→ WORK ORDER:
Each line in the material below must be transcribed exactly; no picture belongs in the copy.

→ GIVEN INFORMATION:
□ □ □
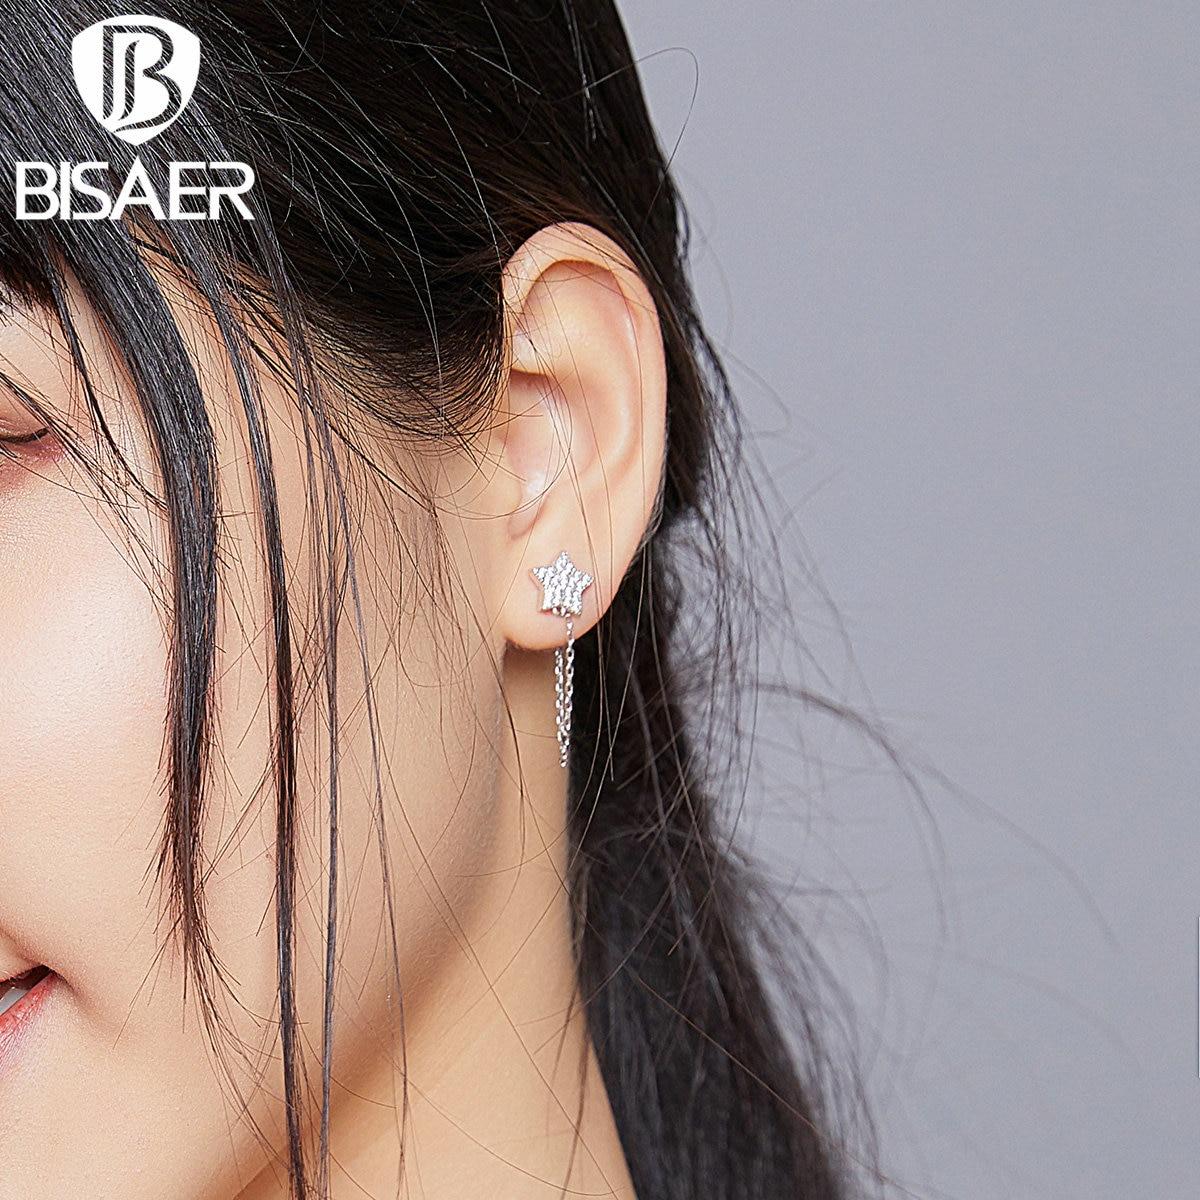 BISAER Chain Link Star Moon Drop Earring 925 Sterling Silver Zircon Long Link Dangle Earrings For Women Fashion Jewelry EFE385
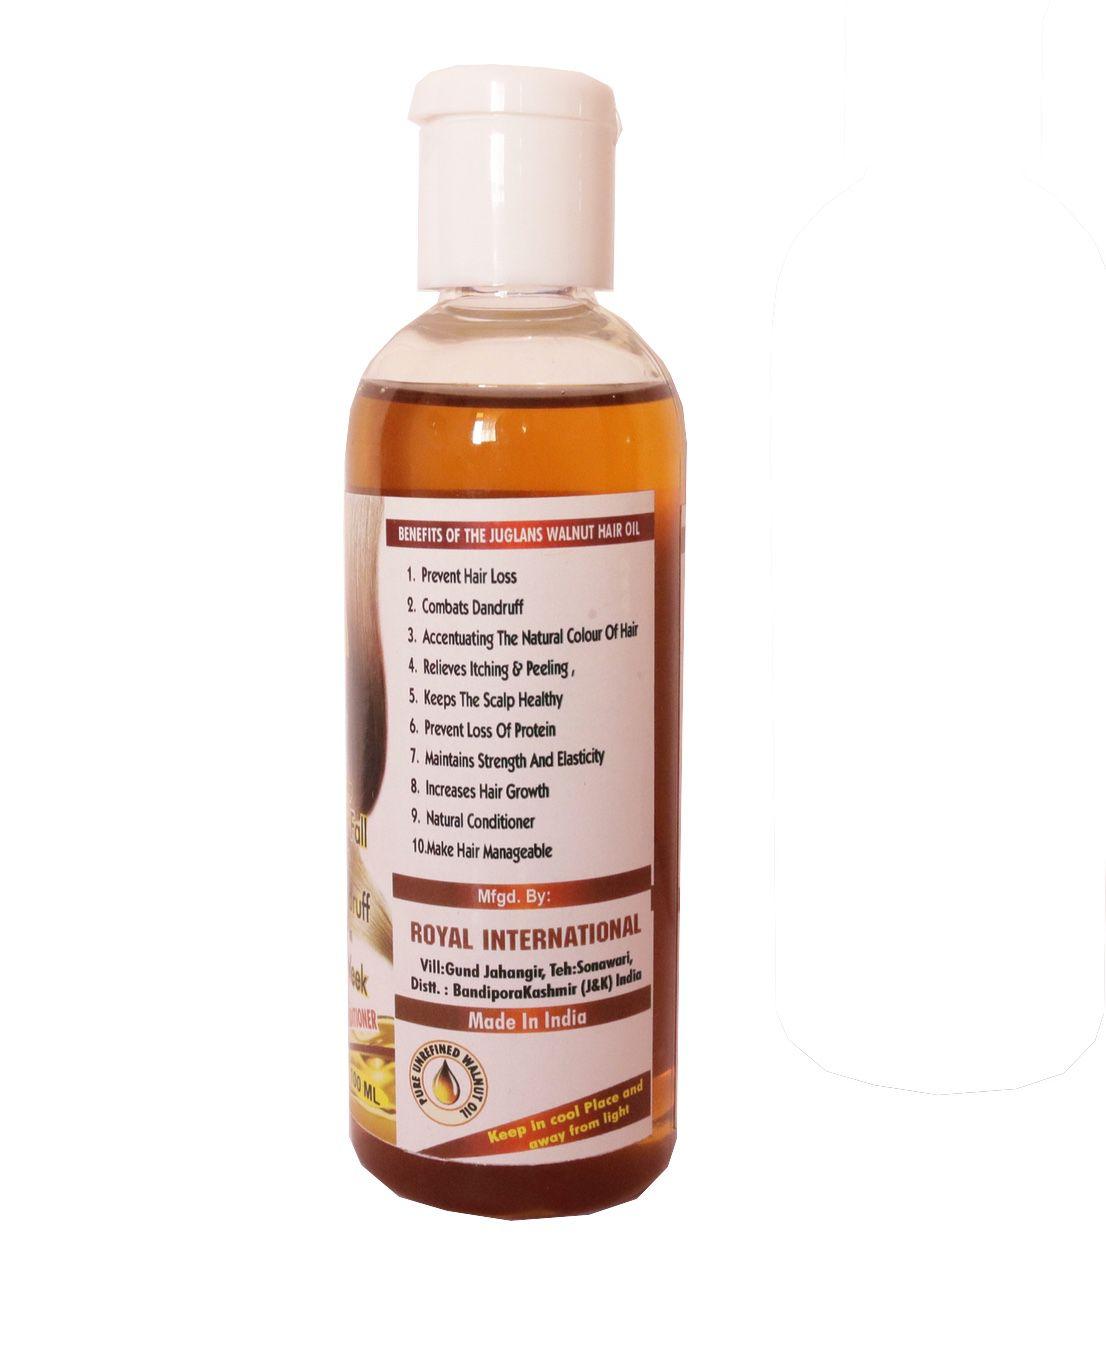 Juglans Walnut Hair Oil 100 ml
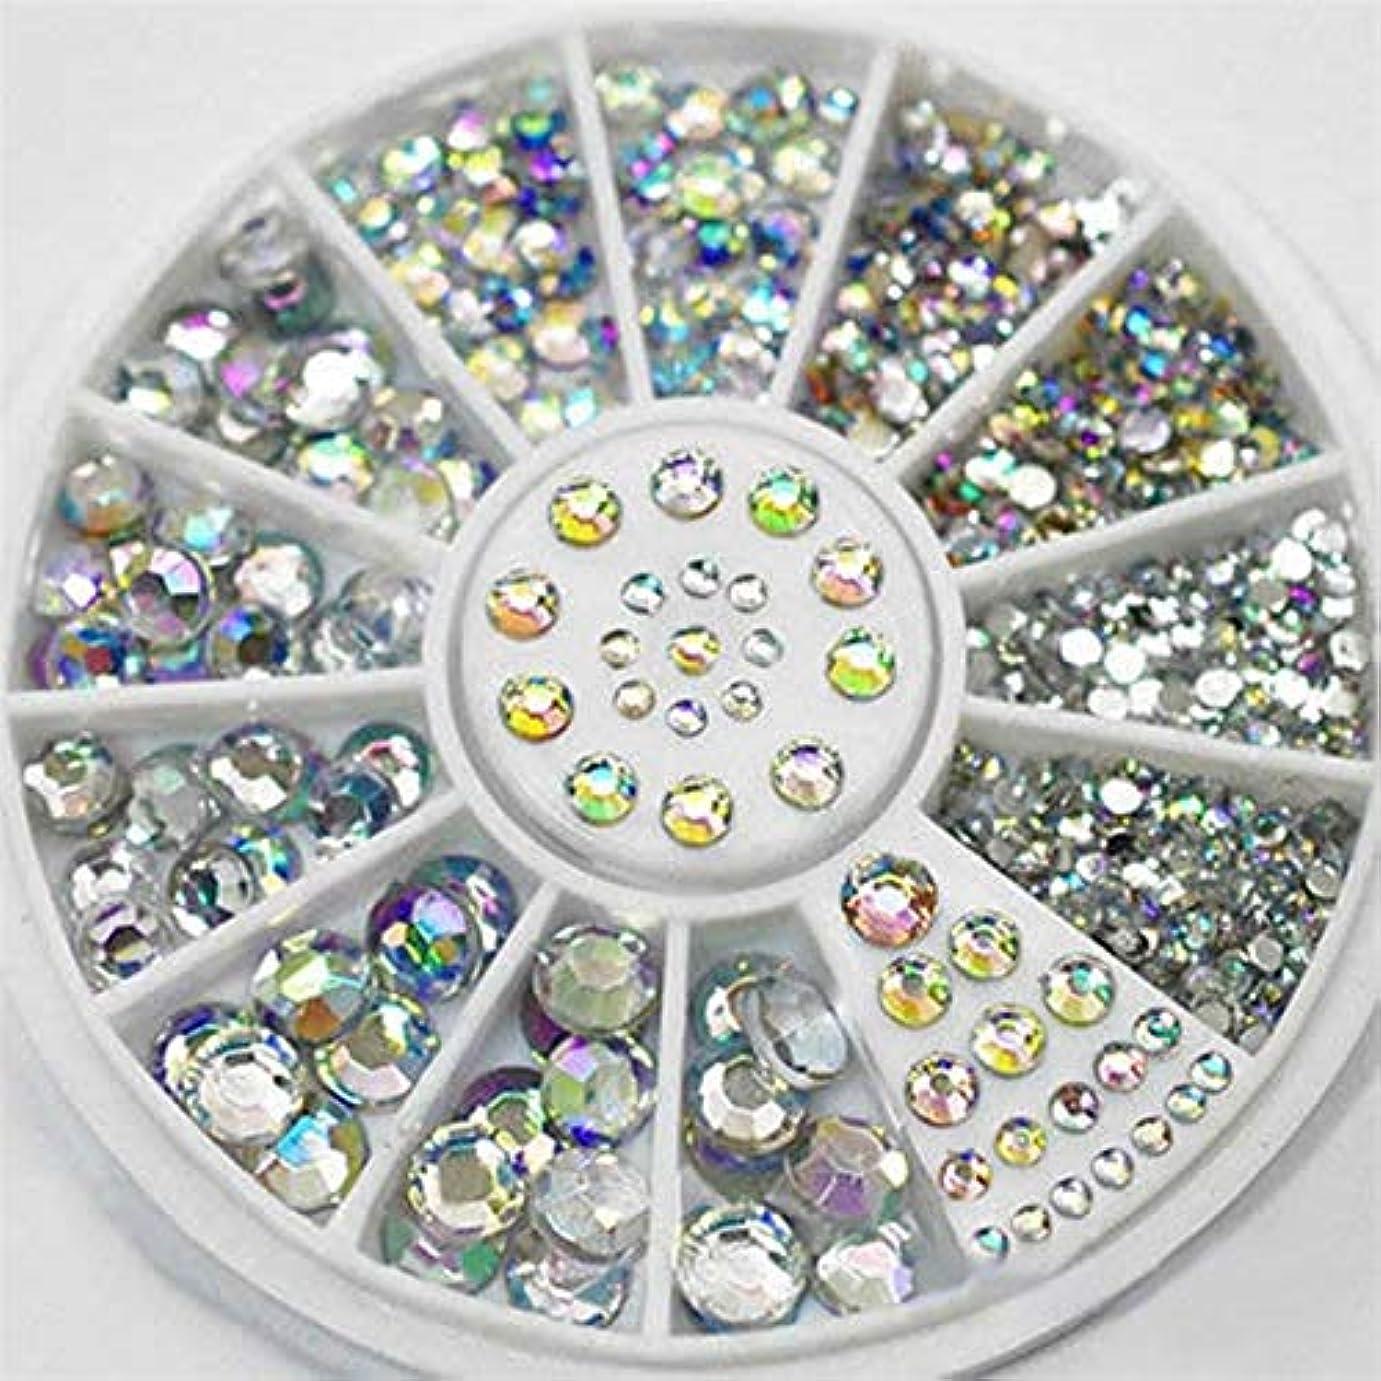 ボーダー新着日常的にビューティー&パーソナルケア 5ピースdiyカラーアクリルダイヤモンドネイルアートホイールのヒントクリスタルグリッターラインストーン3dネイルアートの装飾 ステッカー&デカール
□ □ □
→ THE ANSWER:
 BISAER Chain Link Star Moon Drop Earring 925 Sterling Silver Zircon Long Link Dangle Earrings For Women Fashion Jewelry EFE385
 Juglans Walnut Hair Oil 100 ml
 ボーダー新着日常的にビューティー&パーソナルケア 5ピースdiyカラーアクリルダイヤモンドネイルアートホイールのヒントクリスタルグリッターラインストーン3dネイルアートの装飾 ステッカー&デカール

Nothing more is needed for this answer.